Because of the project-based nature of Fleetshield’s work, there is not one single biggest customer. It changes from job to job. That said, Dutch Railways (NS) and Amsterdam’s GVB have been and still are important clients. Van Son estimates that around 20 to 25 percent of all NS rolling stock has been fitted with a protective film. Fleetshield is currently working on their double-decker trains, the so-called VIRM 2/3.
The company is also active in Spain at the moment, where it is working on the new CAF-produced M7 metro cars for the GVB. This project gave Fleetshield a foot in the door with a manufacturer.
“We approached CAF ourselves and had to bid for the job. We came out on top not because of price, but on added value. CAF saw the benefit of having another Dutch company on board that could act as an intermediary in their communication with GVB. We know exactly what they want and can quickly relay their wishes”, says Van Son.
The job has been a stepping stone for Fleetshield, which is now being involved by CAF in a number ways, one of them being an advisor and consultant. “We are now somewhat of a chameleon that can facilitate a variety of processes, and we’ve acted as problem solver for manufacturers in Germany, Czech Republic and Poland. We are now able to do these things faster and at a lower price than the competition.”
Ironing out issues and taking the weight of the shoulders of companies fits with the times, Van Son notices. Following the easing of corona restrictions, companies’ order portfolios are bulging. At the same time, engineering departments are short-staffed or have seen a change of the old guard to a younger generation.
“Getting all the work done is a challenge in itself, and in such an environment an aspect such as a protective film for a train can be somewhat of a nuisance for planners and engineers. To take care of project management all the way from the drawing board to application is a competitive advantage, even on a European level”.
Skill and expertise
The film itself is not just any product. While essentially off the shelf, the material does need to meet certain requirements for rail application, and configuring the film to meet these requirements takes skill and experience.

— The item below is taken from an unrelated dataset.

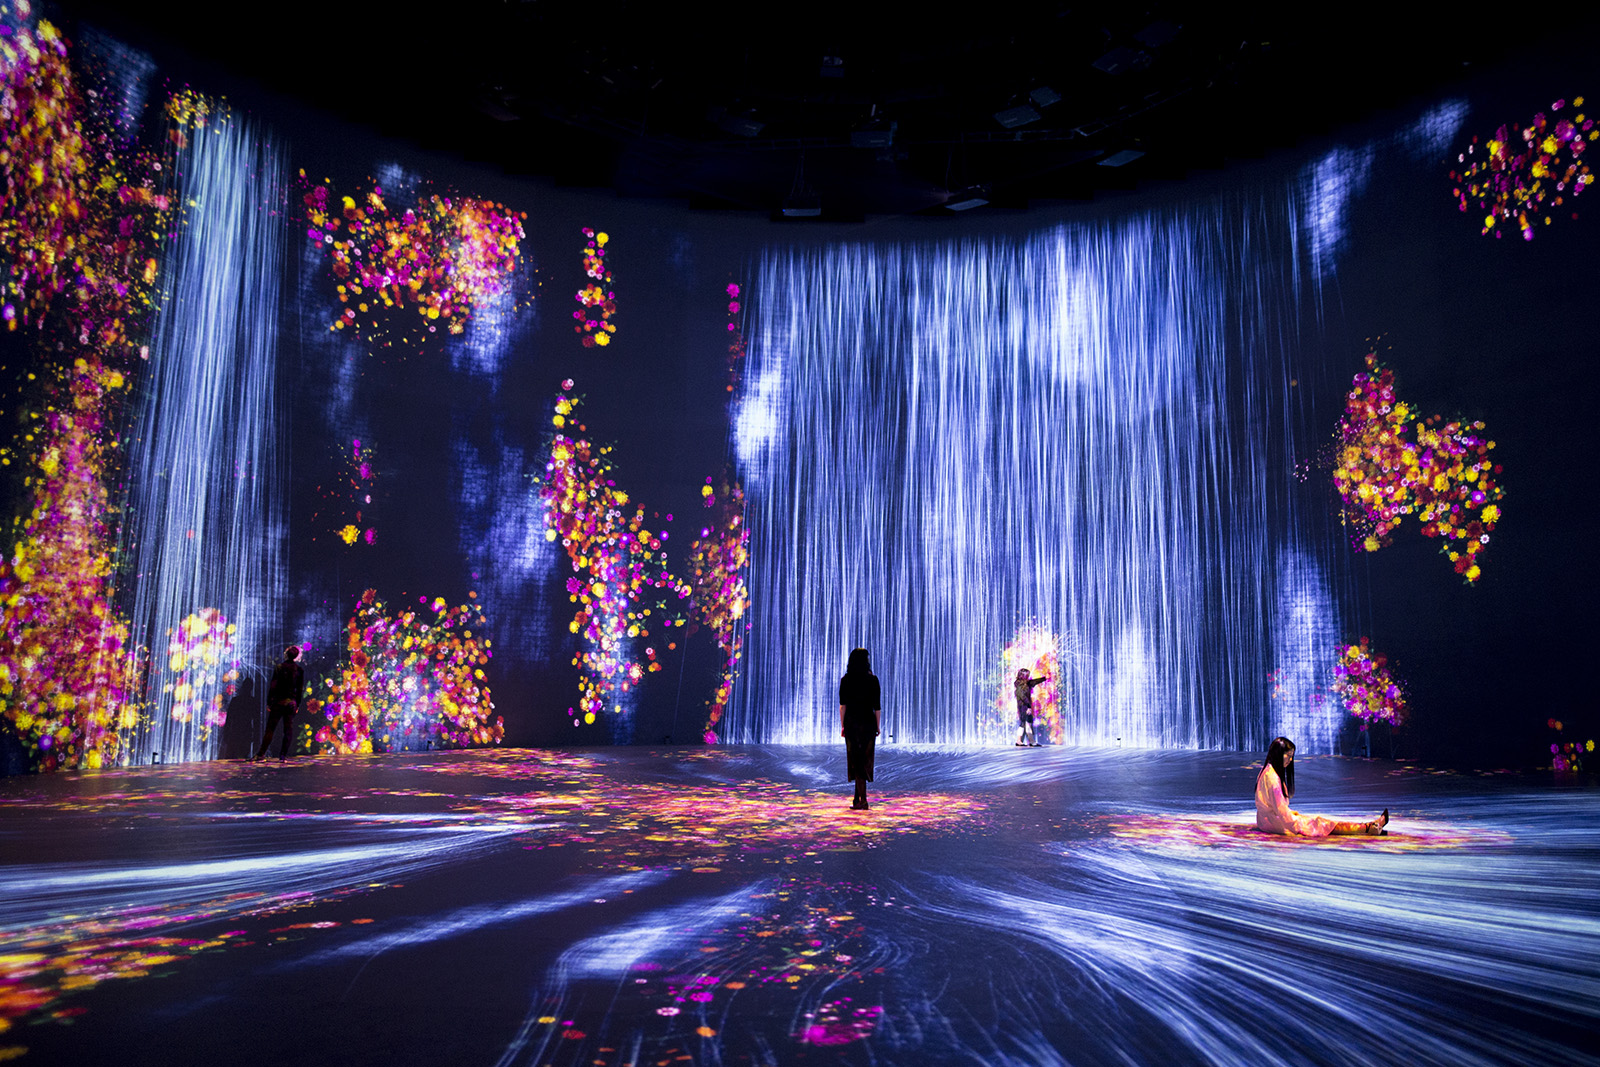 teamLab, Universe of Water Particles, Transcending Boundaries, and Flowers and People, Cannot be Controlled but Live Together -Transcending Boundaries, A Whole Year per Hour 2017. (Courtesy Pace Gallery)

This is especially true in meeting the EN-45545 standard on fire protection, Van Son says.
“The film needs to have a certain mechanical resilience and it needs to be able to withstand UV light and chemicals. It even needs to be able to cope with the specific detergents that individual operators use to clean train cars or to remove graffiti with. On top of that, the film should not crack, stretch or detach, and the separate batches need to be identical.”
The application is not limited to the outside, Van Son also adds, saying that special films on windows can help in heat proofing a train. This in turn means the airconditioning does not need to run full steam, which reduces energy consumption. “Having these films also adds to passenger comfort, so it is a worthwhile long-term investment for operators”.
New markets and sectors
Looking ahead, Van Son and his company Fleetshield have its sights set on a number of developments. First and foremost, Fleetshield will continue to target manufacturers of rolling stock as clients. Secondly, expansion to other markets is on the cards. The company is currently active in the Netherlands, Belgium, Luxemburg, Germany, Spain and the Czech Republic. However, Van Son is also eying the Scandinavian countries. Fleetshield is also pursuing a new major deal for consultancy and application engineering with a big company in the EMEA (Europe, the Middle East and North Africa) region. As this is an ongoing process, Van Son cannot go into detail about the project.
Finally, it seems there is a groundswell of interest in the field of locomotives, where operators are becoming more and more interested in giving their locs a certain look. “There is certainly a demand there, but we have yet to come to grips with that market”.